Stop interrupts the most recently commenced computation of an ordering or of fill-in. It has no effect on computations that may have started earlier and are still ongoing. You can interrupt and dismiss previously created matrix windows by typing x or X in them.
Quit stops all computation and dismisses all windows. If you invoked the code through the applet, clicking on the applet has the same effect. (Clicking on the applet for the third time brings up a new control panel in its initial state.)

Row 2:

The two text fields contain the values of m and n, respectively. They can be entered by typing in the text field. You must hit the Enter key after typing the relevant number!

Increment buttons The green increment buttons increment or decrement by 1 the number in the text field that they surround.

The blue button labeled = sets m equal to n. Thus if m and n are equal you can enter the value in the right text field and then click on =.

The blue button labeled <-> interchanges the value of m and n.

The Method Menu let's you choose the method of ordering:

Import: read the ordering from a file or URL, see below.

Lexicographical: the points are labeled in the sequence in which we would read them.

Cuthill-McKee.

Nested Disection.

Red-Black Ordering.

The Greedy Algorithm.

Maximum Greed. This attempts to maximize the fill-in by always picking a node with the maximum number of neighbors.
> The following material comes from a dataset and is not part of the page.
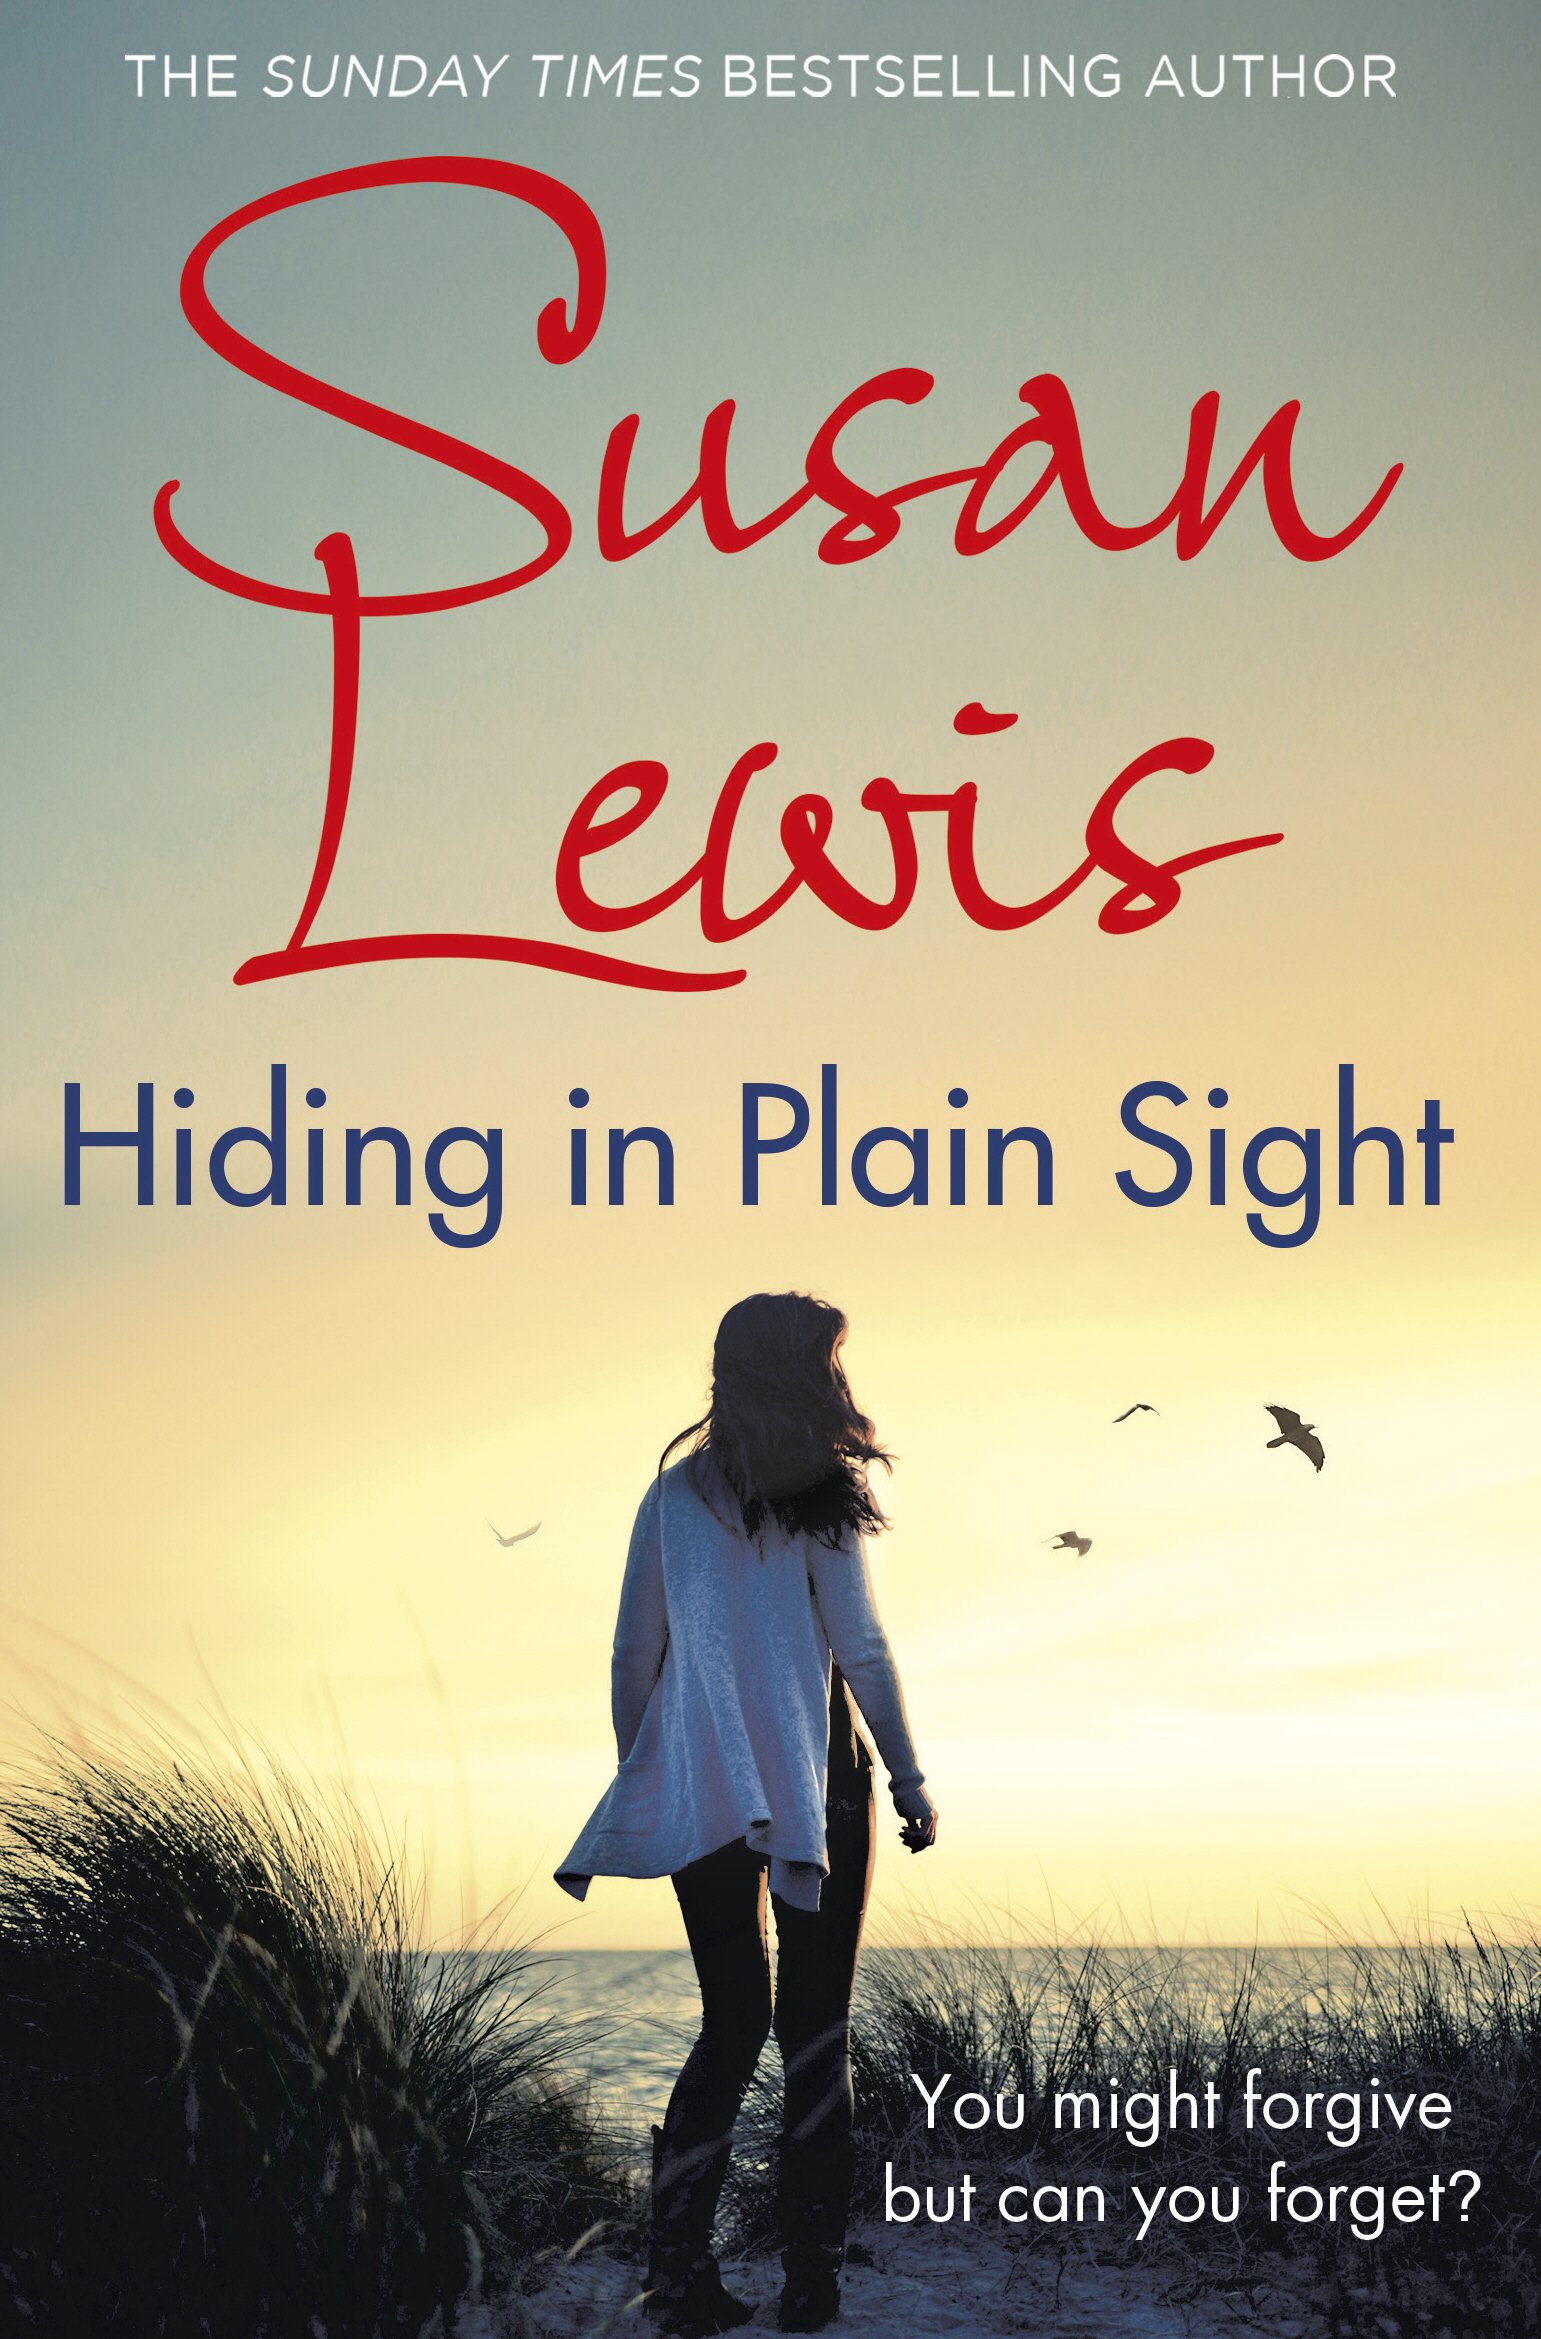 Hiding in Plain Sight | Susan Lewis

In that sense it's the converse of the greedy algorithm.

Greed A. This variation of the greedy algorithm picks among all those nodes of minimum degree one where the sum of the degrees of neighbors is as small as possible.

Greed B. Conversely, this variation picks among all those nodes of minimum degree one where the sum of the degrees of neighbors is as large as possible.

Minimum Fill. This ultimate greedy algorithm picks a node which minimizes the actual fill-in at that elimination stage.

Random. Included for comparison purposes, this option generates a random labeling. Those labelings will differ if the option is run repeatedly.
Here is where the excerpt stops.